Хёнджин сглатывает. Чем ближе момент, тем ему страшнее. Он осторожно проходит в квартиру. Дверь в комнату Феликса закрыта, поэтому он осторожно, негромко стучит три раза и приоткрывает её, заглядывая в образовавшуюся щёлочку. С открывшегося угла ему виден Феликс, сидящий перед ноутбуком и микрофоном, старательно что-то записывающий. Он замечает шевеление и оборачивает, встречаясь с Хёнджином взглядом. Хёнджин сглатывает. Феликс улыбается ему. Он ставит запись на паузу.
— Ты неожиданно, — говорит Феликс, пока Хёнджин осторожно входит в комнату. Всё внутри переворачивается, воспоминания снова накрывают с головой, пока он присаживается на край кровати. Той, на которой они всё это записывали.
— Да я… Проходил недалеко, — лжёт он. — Поговорить хотел, вот и зашел… А ты занят? — Он рассматривает стол, только сейчас замечая, что помимо привычных атрибутов для записи asmr на нём лежит бутылек смазки.
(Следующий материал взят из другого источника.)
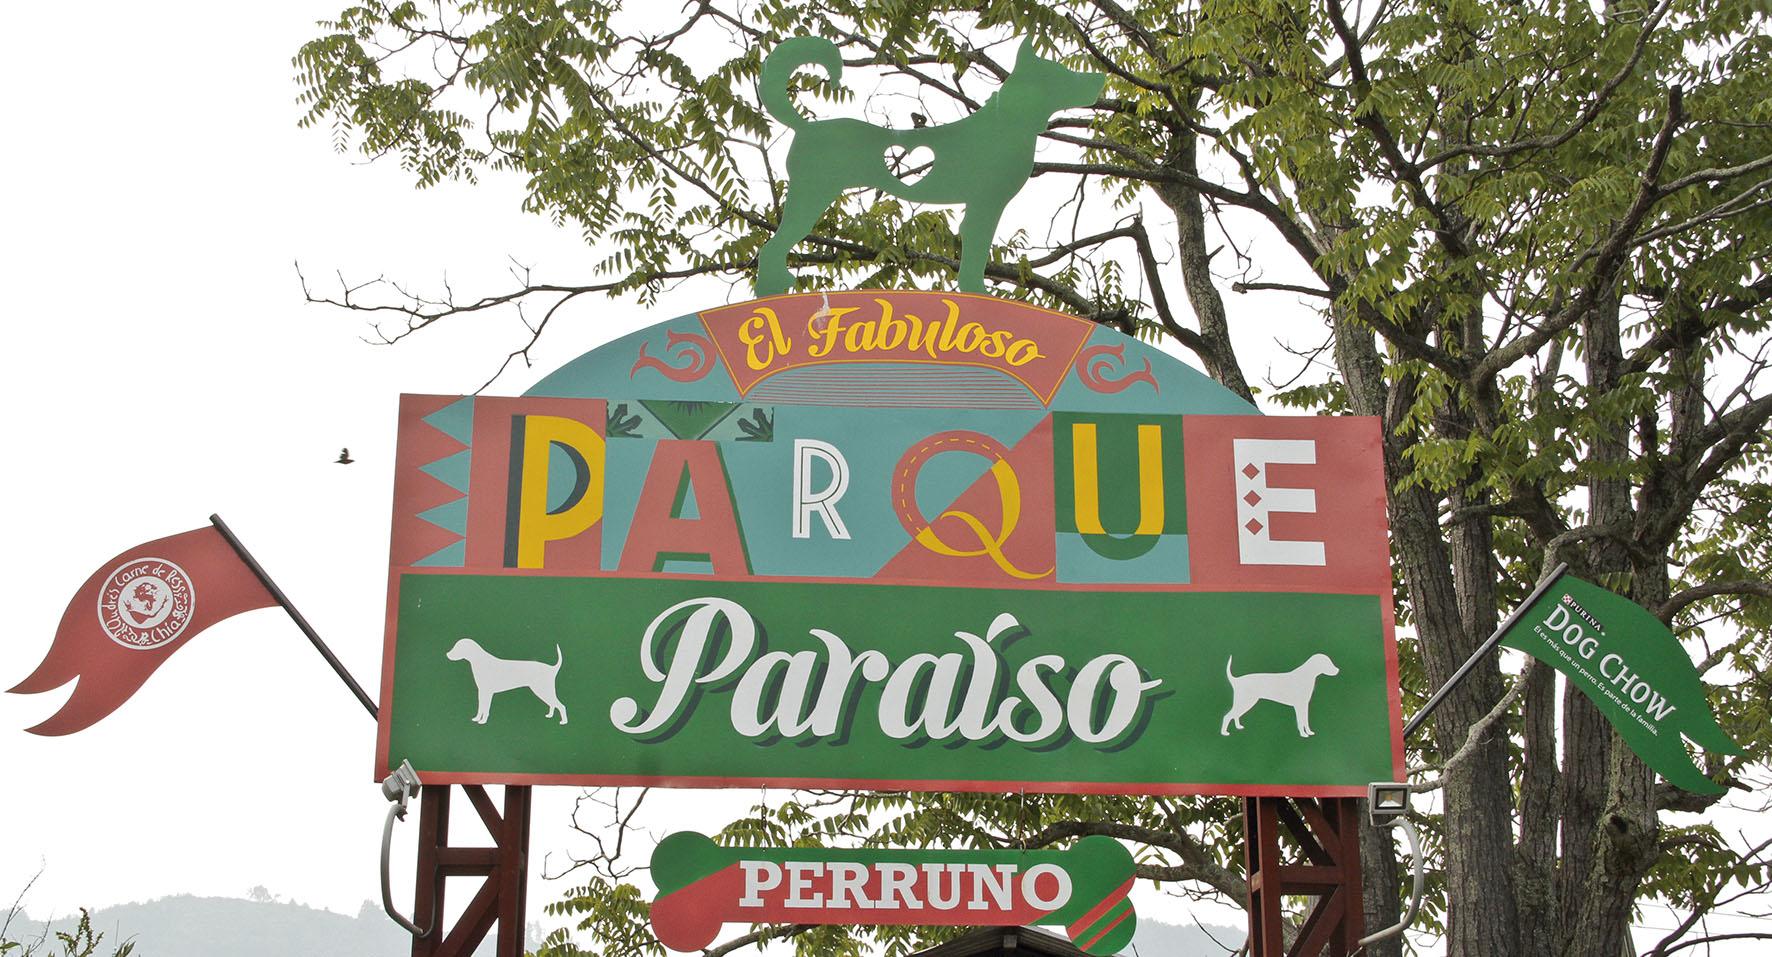 Parque Paraíso Perruno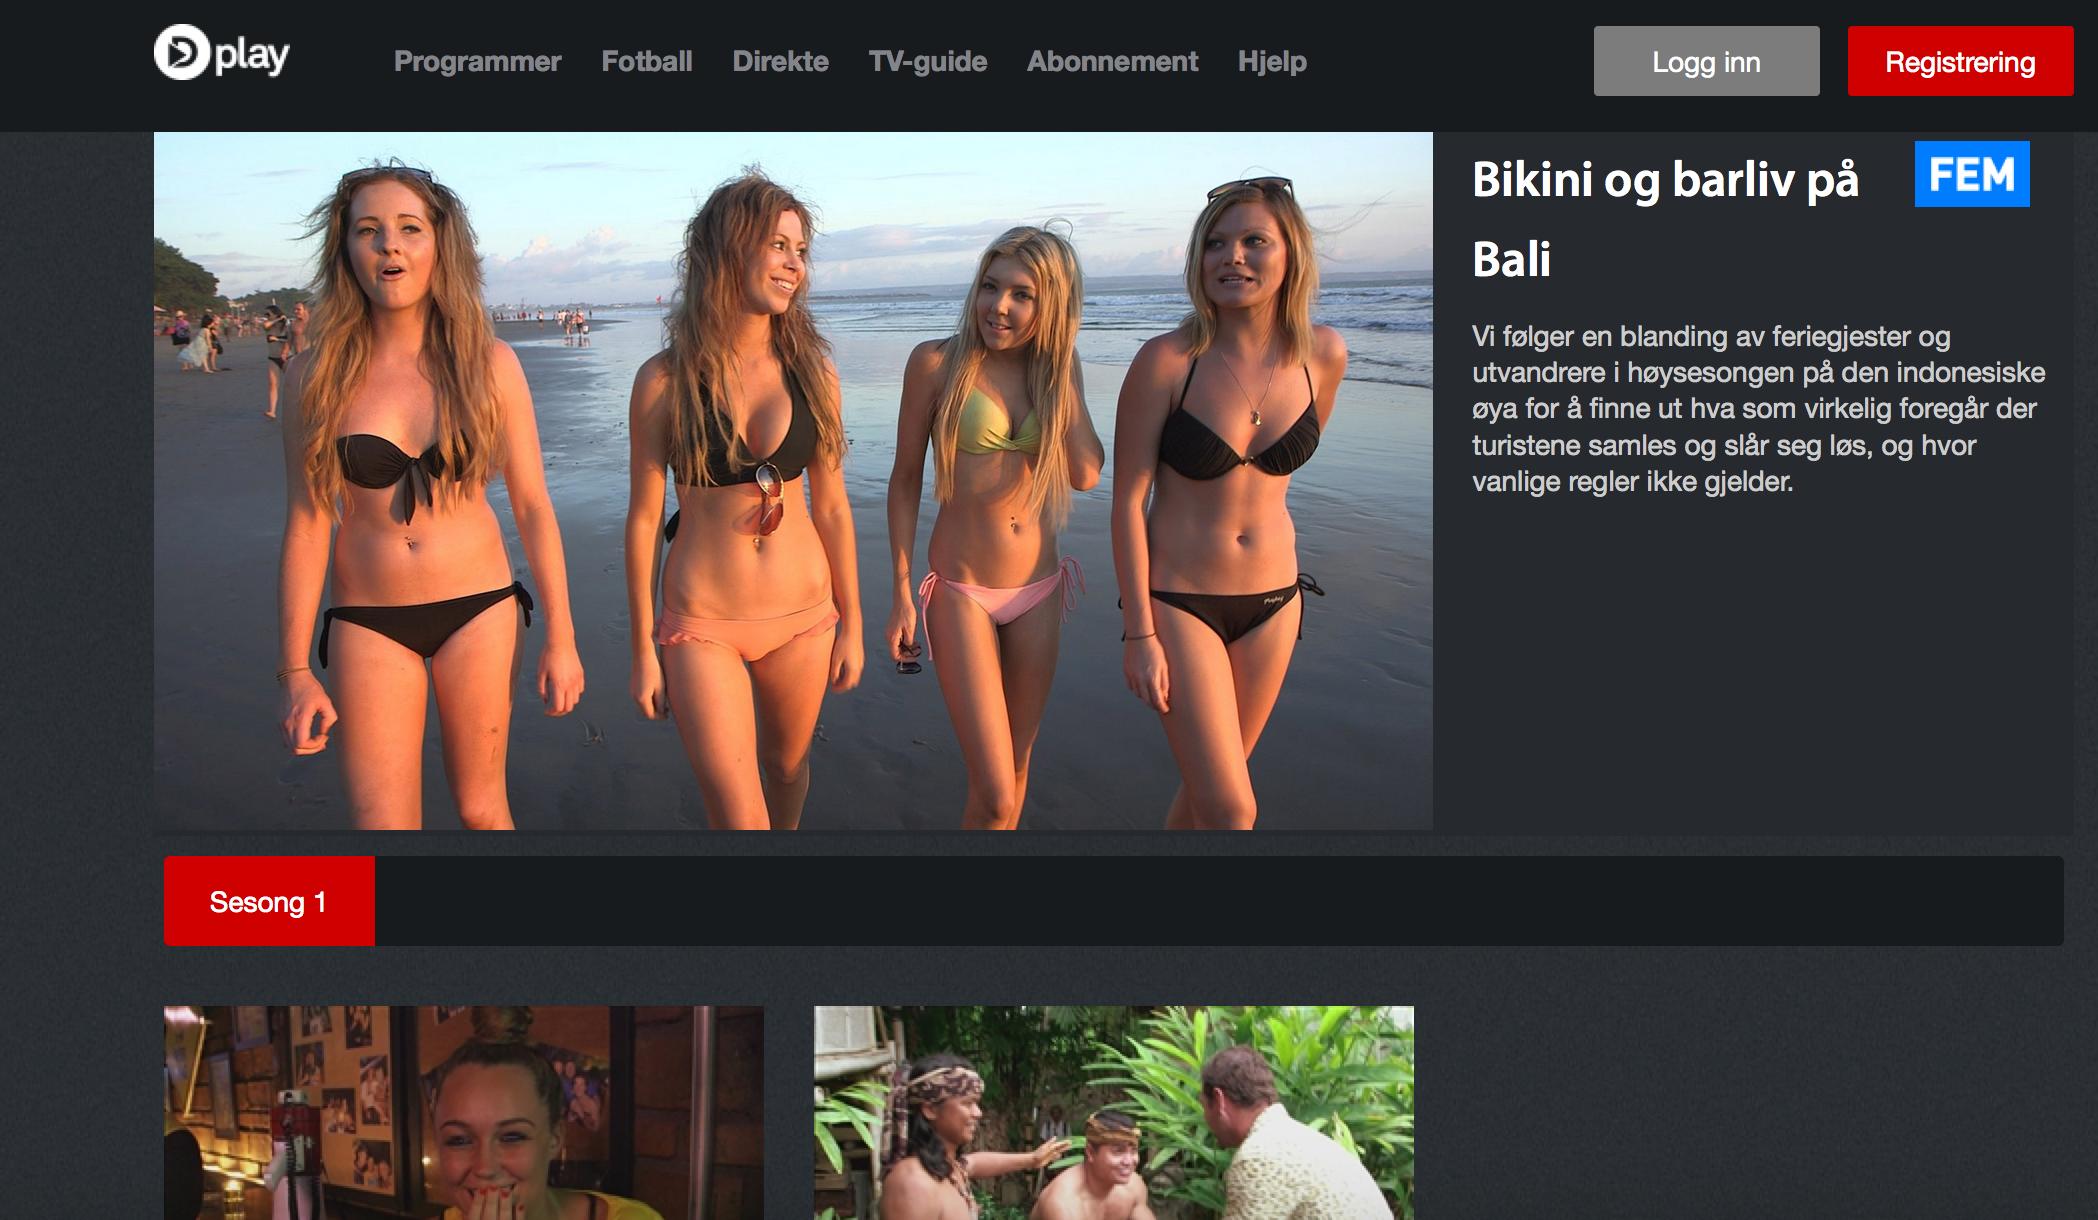 Skjermdump av «Bikini og barliv å Bali», en australsk reality-TV-serie som balinesrene neppe er happy over..

А руки Феликса, к слову, в этой самой смазке перепачканы. Хёнджин состраивает непонимающее лицо.
— А? — Феликс как ни в чем не бывало тянется к влажным салфеткам и вытирает руки. — Ну, немного. Я же уже пообещал продолжение того выпуска, вот, работаю над ним.
— А… Я как раз об этом поговорить хотел… — голос его стихает.
— Да, я слушаю. — Он отбрасывает салфетку и полностью разворачивается к Хёнджину, чуть подъезжая ближе на компьютерном кресле.
— Я… Ну… Ты же используешь ту запись, да? — спрашивает он, опуская взгляд и не зная, куда деть руки. — Я просто… Не знаю… Подумал, что не уверен, что хочу, чтобы она была в сети… Потому что там… — Он никак не может закончить, чувствуя слишком неловко рассказывая об этом. Его прерывает смешок, заставивший наконец посмотреть ему в глаза. Феликс подпёр щеку кулаком и смотрит на Хёнджина с нескрываемым весельем.
— О, зайка, та запись… Знаешь, мне было забавно, когда ты согласился на эту маленькую игру. Я не собираюсь куда-либо её выкладывать, о нет, она только для меня. — Хёнджин вскидывает брови. Смотрит большими глазами, не понимая, к чему же тогда всё это было. — К тому же, кхм… — Феликс прерывается на ещё один смешок. Он никак не может сдержать улыбку, смотря на такого смущённого и милого Хёнджина. — Ты же знаешь, что подобные записи делаются по-другому? Нет, постонать в микрофон конечно приходится, но всё остальное…
— Что? — выдавливает из себя Хёнджин, вскакивая с места. В каком это смысле, по-другому? Он бросает быстрый взгляд на стол, пытаясь сообразить, что происходит. Феликс вместе с этим подкатывается обратно к столу, берет смазку, выдавливает её на пальцы и демонстративно проводит по ним другой рукой, создавая обманчиво-знакомый хлюпающий звук.
— Подожди, — заговаривает Феликс. — Ты же не думал всё это время, что на той записи я правда дрочил перед микрофоном? — спрашивает он, пристально смотря на Хёнджина.
Хёнджин вымученно стонет, закрывая лицо ладонями. Он думал. Щеки наверняка снова красные. Он чувствует, как они горят. Чёрт. Чёрт. Чёрт! Как он мог так облажаться? Он спешит выйти из комнаты, лишь бы не встречаться с Феликсом взглядом. Вслед слышится звонкий смех.
Феликс догоняет его в коридоре и останавливает, обвив руками талию и прижавшись щекой куда-то между лопаток. Хёнджин чувствует, что он всё ещё смеётся.
— Дурашка, — выдаёт Феликс. — Но не беспокойся, никуда я твои стоны не выложу. Они только для личного пользования.